Heinrich Schreibers Hoffnung, der Deutschkatholizismus könne zu einer erfolgreichen
Massenbewegung werden und eine nationale Ökumene von Protestanten und
Katholiken heraufführen, eine religiöse wie nationalpolitische „Vereinigung der
Gemüter im Geiste und in der Wahrheit",41 läßt sich nur schwer noch nachvollziehen
. Doch auf dem Hintergrund der großen Anfangserfolge der deutschkatholischen
Propaganda ist diese Hoffnung nicht einfach als irreal oder utopisch abzutun. Im
Frühjahr und Frühsommer 1845 sah es, blickt man auf die damalige Tagespresse, so
aus, als könne die deutschkatholische Bewegung breite Gruppen des katholischen
städtischen „Mittelstandes" mobilisieren und auf Unterstützung wichtiger liberaler
Kräfte im Protestantismus rechnen.

Genaue Angaben über die Zahl der Mitglieder der deutschkatholischen Gemeinden
lassen sich nur eingeschränkt machen.
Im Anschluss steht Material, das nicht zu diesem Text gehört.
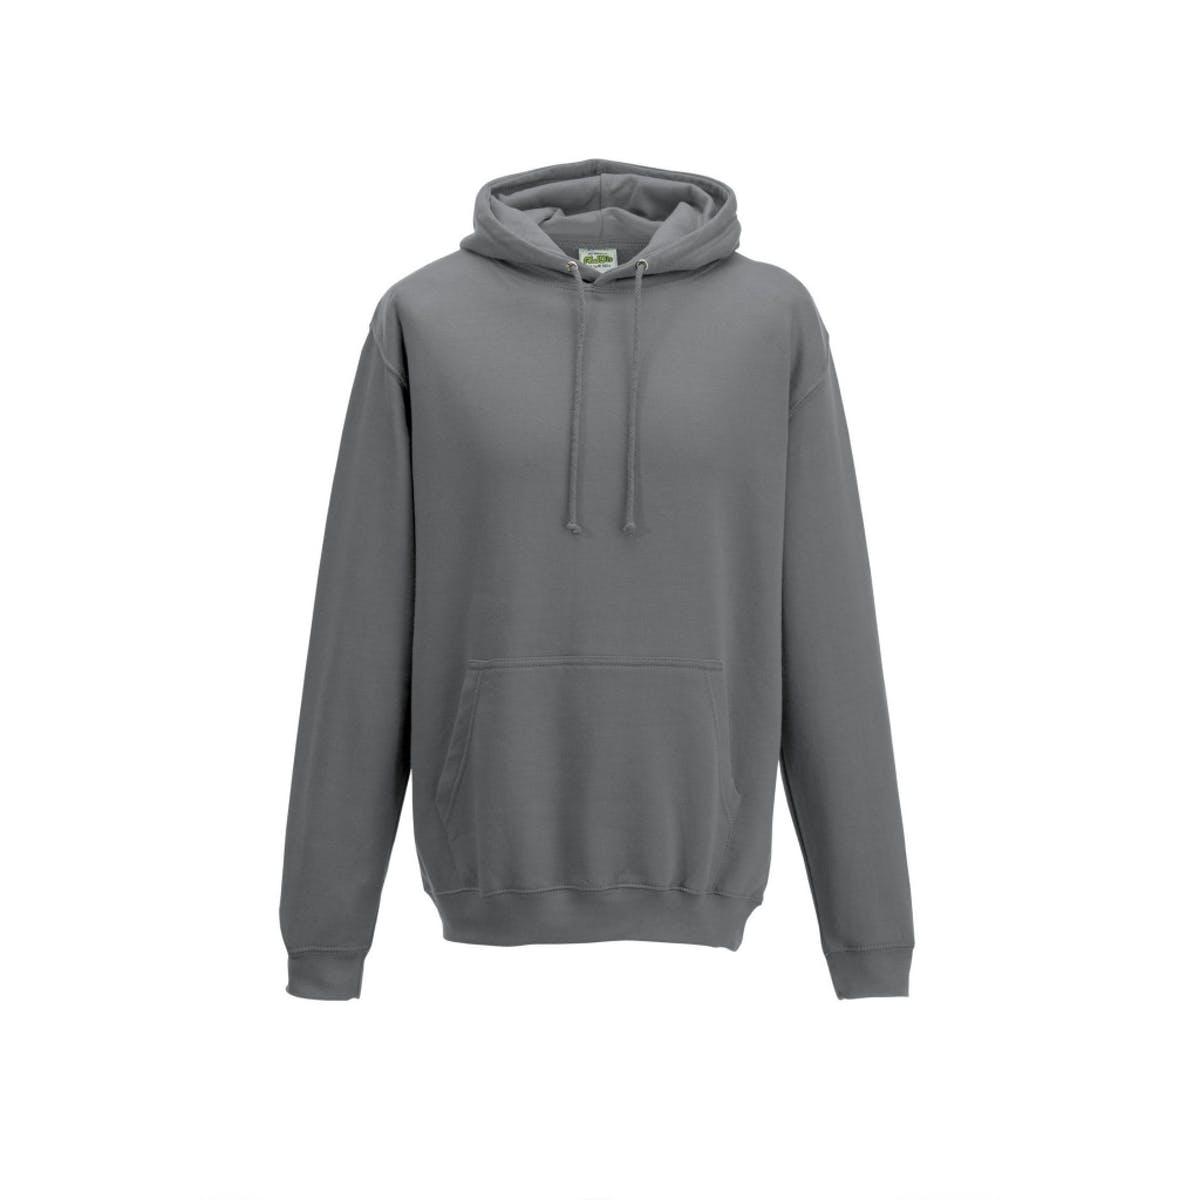 steel grey college hoodies

Auch fehlen bisher präzise Überblicke
über die Zahl und Größe der Einzelgemeinden. Doch dürfte die deutschkatholische
Bewegung größer als andere vormärzliche liberale Massenbewegungen gewesen
sein. Nach den Berechnungen von Dieter Düding konnten die Turner- und die Sängerbewegung
jeweils 80 000 bis 100 000 Mitglieder rekrutieren.42 Die deutschkatholischen
Gemeinden dürften zwischen 1845 und 1851 demgegenüber zwischen
90000 und 150 000 Mitglieder gehabt haben. Die in der älteren Literatur gemachten
Angaben über die Zahl der Einzelgemeinden schwanken zwischen 25943 und 350.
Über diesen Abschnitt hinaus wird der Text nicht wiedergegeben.